For while this year it may be a Catholic against whom the finger of suspicion is pointed, in other years it has been, and may someday be again, a Jew–or a Quaker–or a Unitarian–or a Baptist. It was Virginia’s harassment of Baptist preachers, for example, that helped lead to Jefferson’s statute of religious freedom. Today I may be the victim- -but tomorrow it may be you–until the whole fabric of our harmonious society is ripped at a time of great national peril.
Many were suspicious of Kennedy at the time, suggesting that he might be more loyal to Rome than to the Constitution of the United States. He shot down that notion, vowing that if the office “would require me to either violate my conscience or violate the national interest, then I would resign the office.” He went on to say, “I do not intend to apologize for these views to my critics of either Catholic or Protestant faith — nor do I intend to disavow either my views or my church in order to win this election. ”
Nor should he have. Nor should Buescher or any other American. But that’s where we are in 2018 America — religion is being marginalized, stigmatized, and treated as though it is as abhorrent as racism.
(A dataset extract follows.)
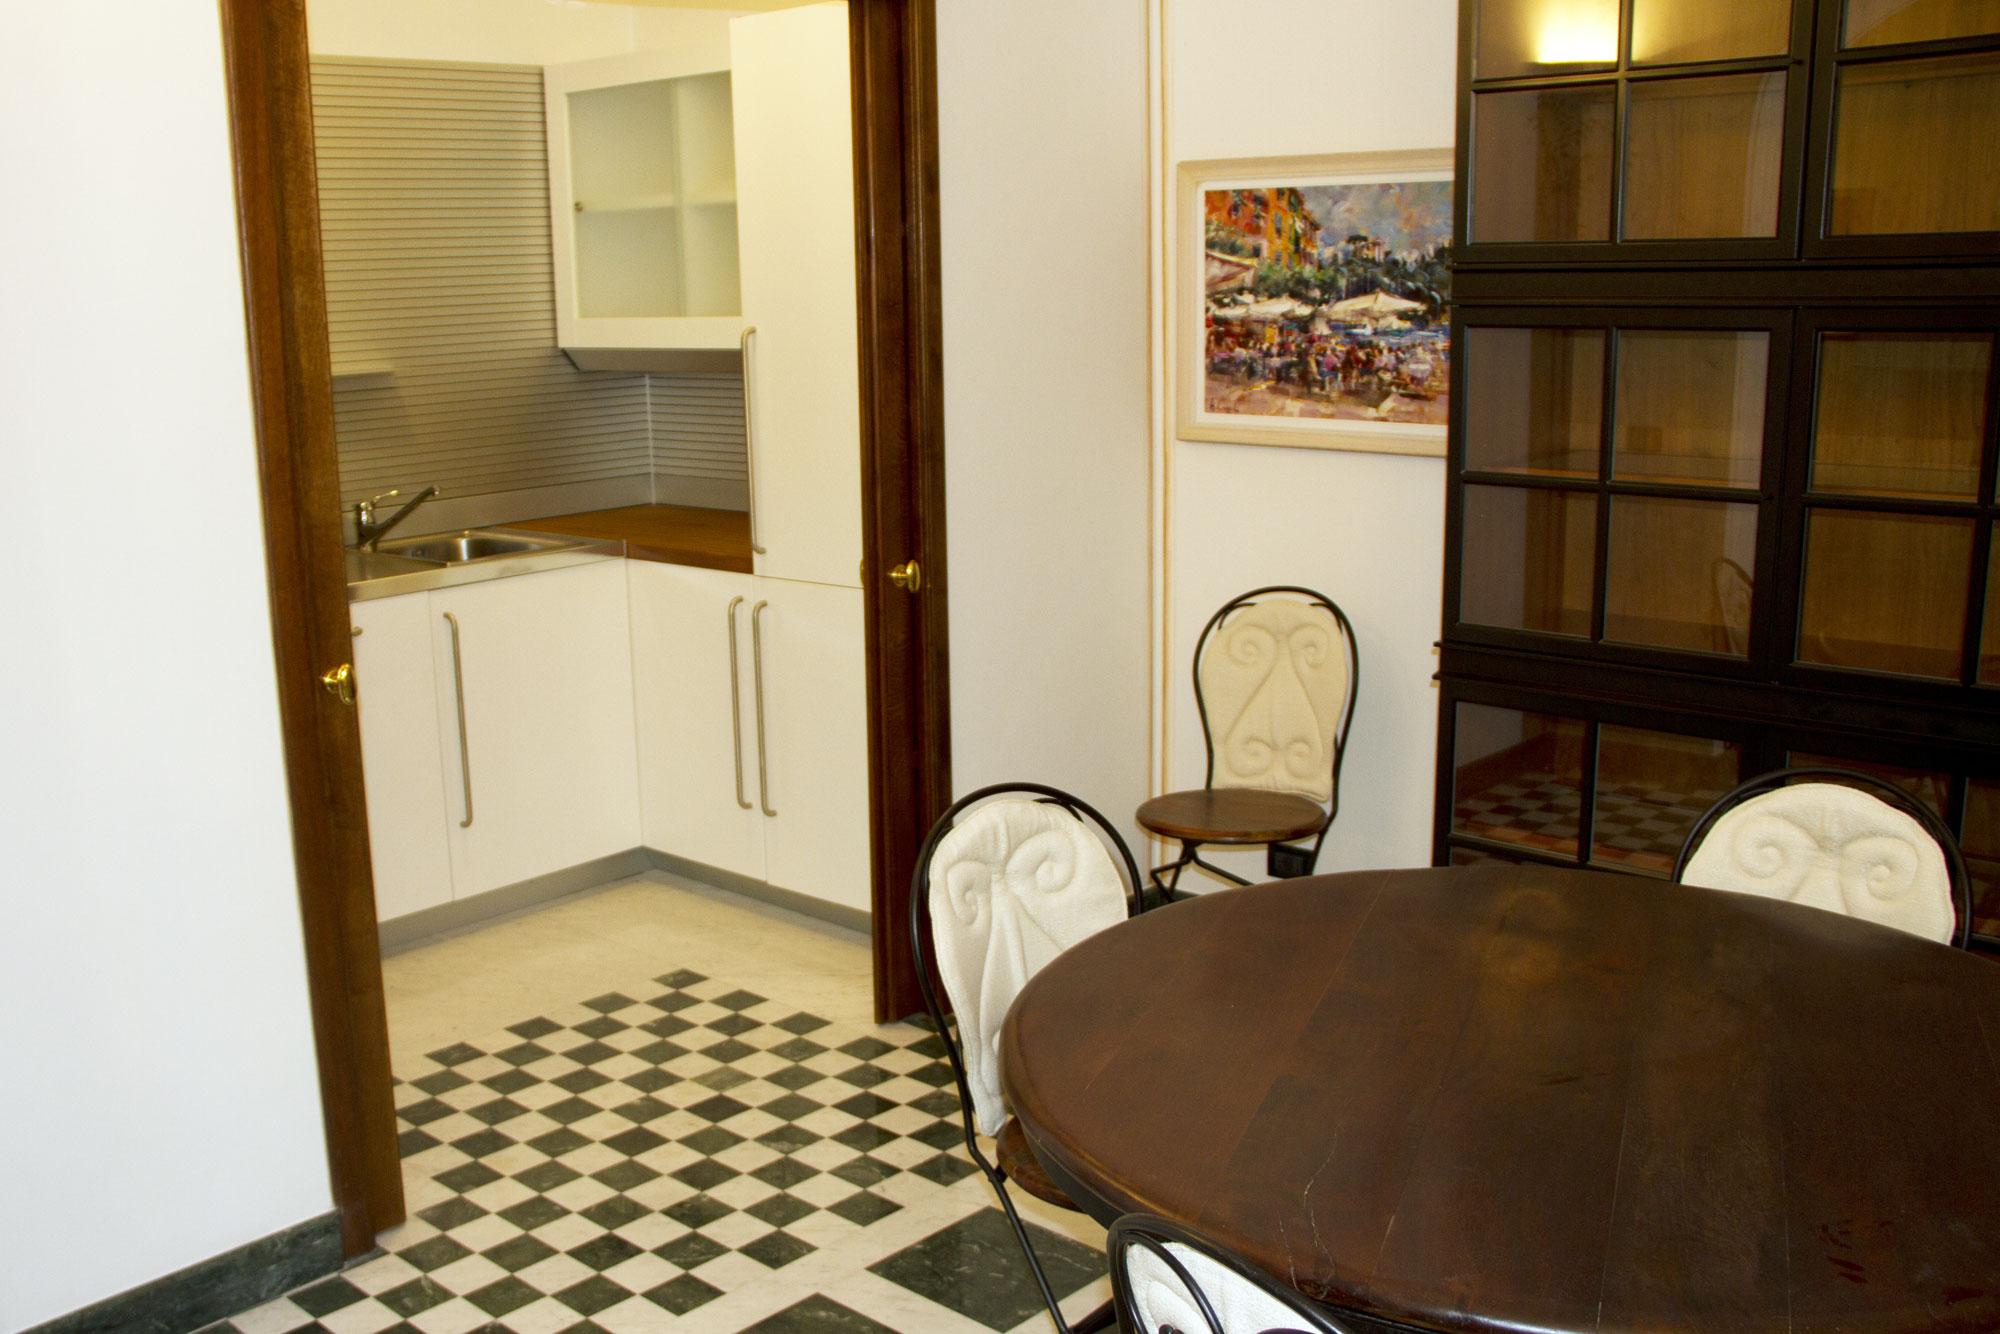 Interni-Cucina-Sala-Pranzo | Immobiliare Marrè

Sasse said that his resolution is simply reaffirming with Kennedy “and with countless other Americans across 230 years — Protestant and Catholic, Jew and Muslim, Hindu and Buddhist, agnostic, atheist, and more” that “America is big enough for disagreements.”
“We are saying that we believe the U.S. government is not in the business of trying to resolve debates about heaven and hell,” he explained. “Rather, the business of the U.S. government is to preserve peace and order so that you and your neighbors can precisely wrestle about things like heaven and hell or sports loyalties or dietary preferences.”
“If a senator has a problem with this resolution, you’re probably in the wrong line of work, because this is what America is,” Sasse challenged. “This is a super-basic point — no religious tests. If someone has a problem with this resolution, what other parts of the Constitution are you against? Freedom of the press? Women’s right to vote? Freedom of speech? This isn’t hard. No religious test for serving on the federal bench.”
Sasse’s resolution was approved without objection in the Senate. It remains to be seen whether Democratic senators will abide by the sense of the resolution in future confirmation hearings.